[Date Prev][Date Next][Thread Prev][Thread Next][Date Index][Thread Index]

[HTCondor-users] Fwd: Re: Docker universe ImageSize/MemoryUsage



So this error seems intermittent (maybe multiple jobs on a single machine? boto3 multi-part upload?). I've tried executing this job as a bare-bone docker run and the MEM USAGE "docker stats" seems reasonably within the LIMIT and the job finished successfully.

Also,
1. From the job.log, the HUGE MemoryUsage is reported immediately after the job starts executing on the worker machine. Does that have anything to do with how condor_starter wraps docker?
2. Shouldn't condor ideally have complained/HELD with "Docker job has gone over the memory limit" log?

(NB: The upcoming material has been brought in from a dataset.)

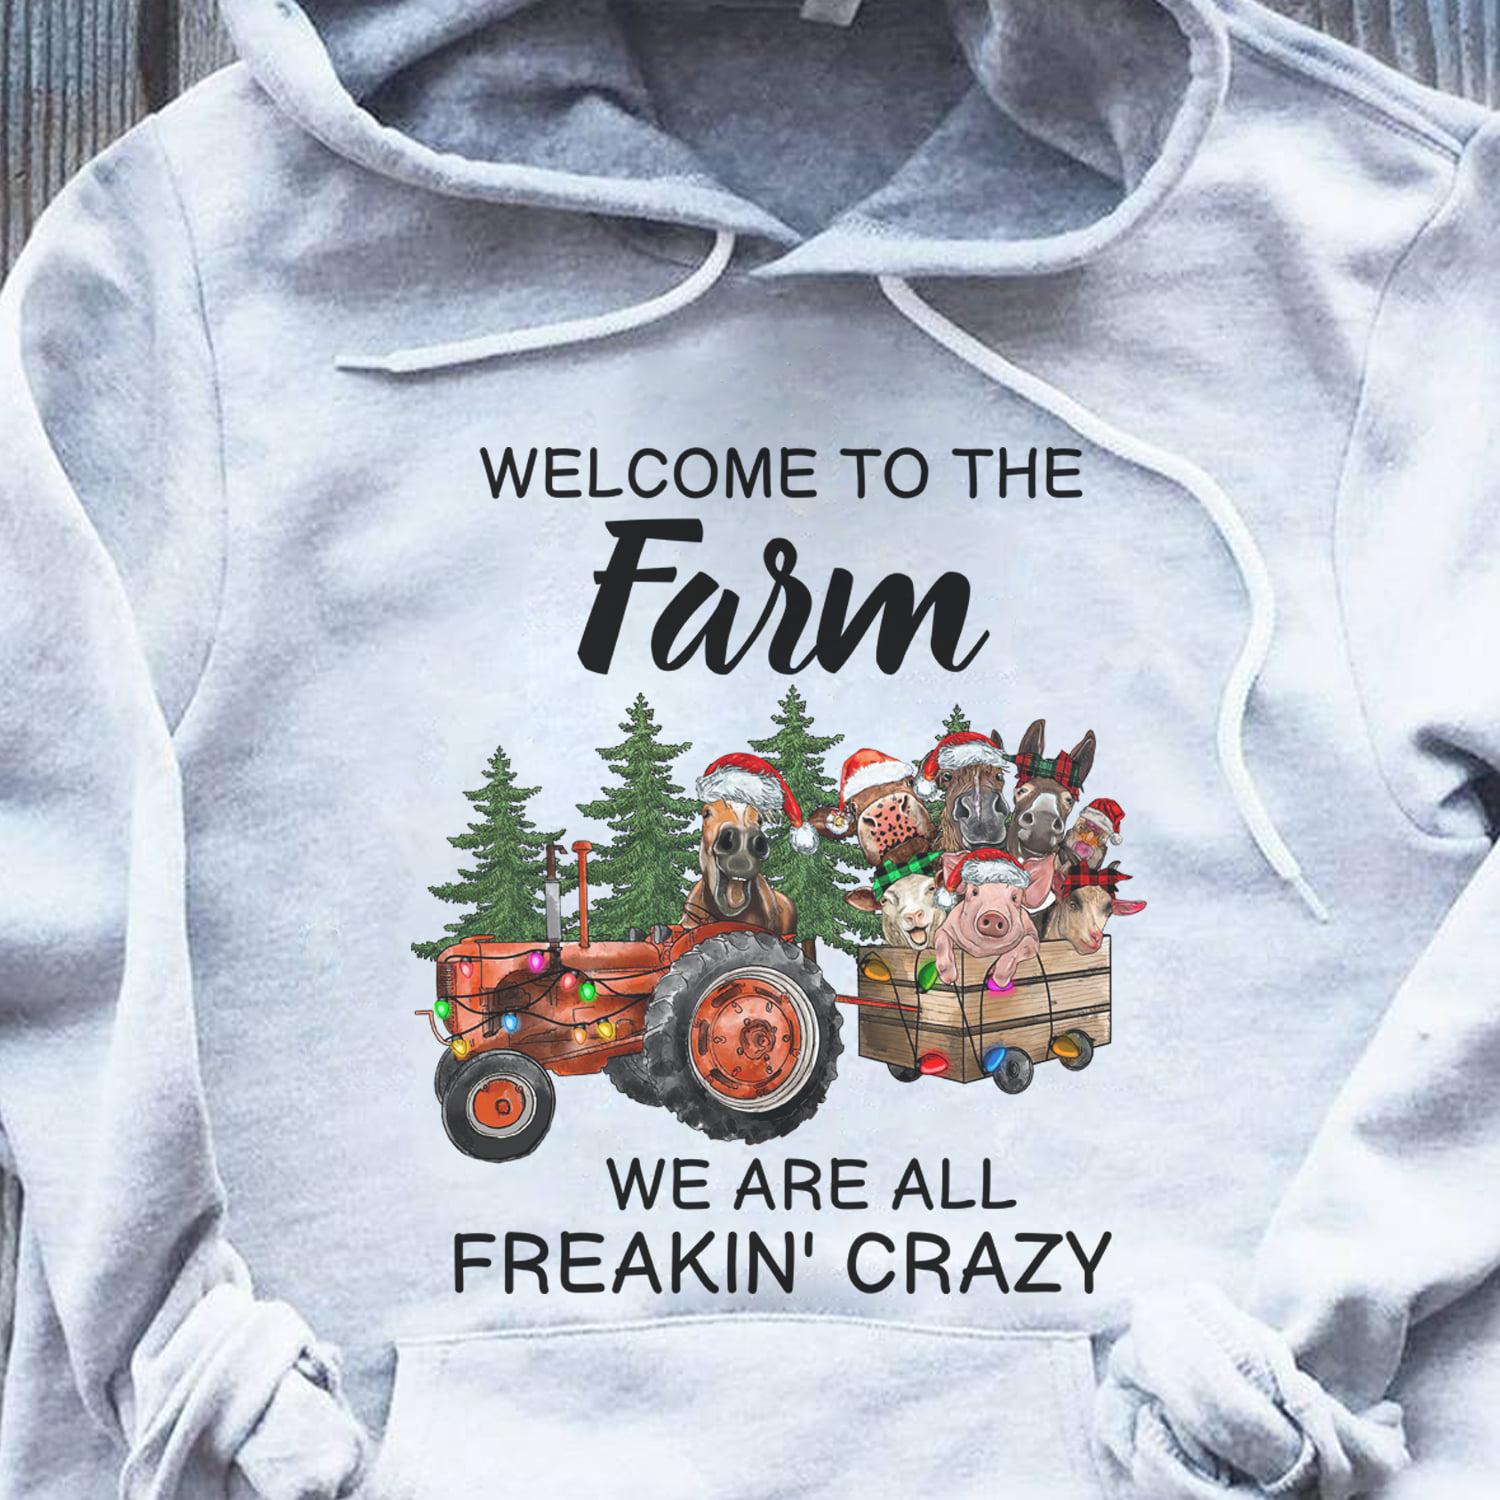 Welcome to the farm we are all freakin crazy - Animal on the farm, Christmas day ugly sweater

From: Greg Thain <gthain@xxxxxxxxxxx>
Sent: Monday, August 7, 2017 6:30 AM
To: Sitharaman, Harish Mahadevan
Subject: Re: [HTCondor-users] Docker universe ImageSize/MemoryUsage
 
On 08/06/2017 01:36 PM, Sitharaman, Harish Mahadevan wrote:
Hello,
 
We’re using Condor’s Docker universe (HTCondor 8.6.1 , Docker 1.27) on amazon ec2 instances wherein jobs are being terminated intermittently (the same job executes successfully sometimes) when the reported MemoryUsage exceeds un-reasonably higher than the specified RequestMemory. This was NOT the case earlier when we ran the same jobs on HTCondor’s Standard Universe with own wrapper to execute Docker run. Any suggestion/help would be appreciated:
 

If you have a vanilla job that just executes "docker run ...", then the job proper is a child process of the docker daemon, not of the condor_starter (unless you also started the docker daemon under the starter yourself), and so the memory that condor knows about and reports in this case never includes the memory that the job proper uses.

If you run the job by hand under docker, can you query the memory used with the docker stats command?

-greg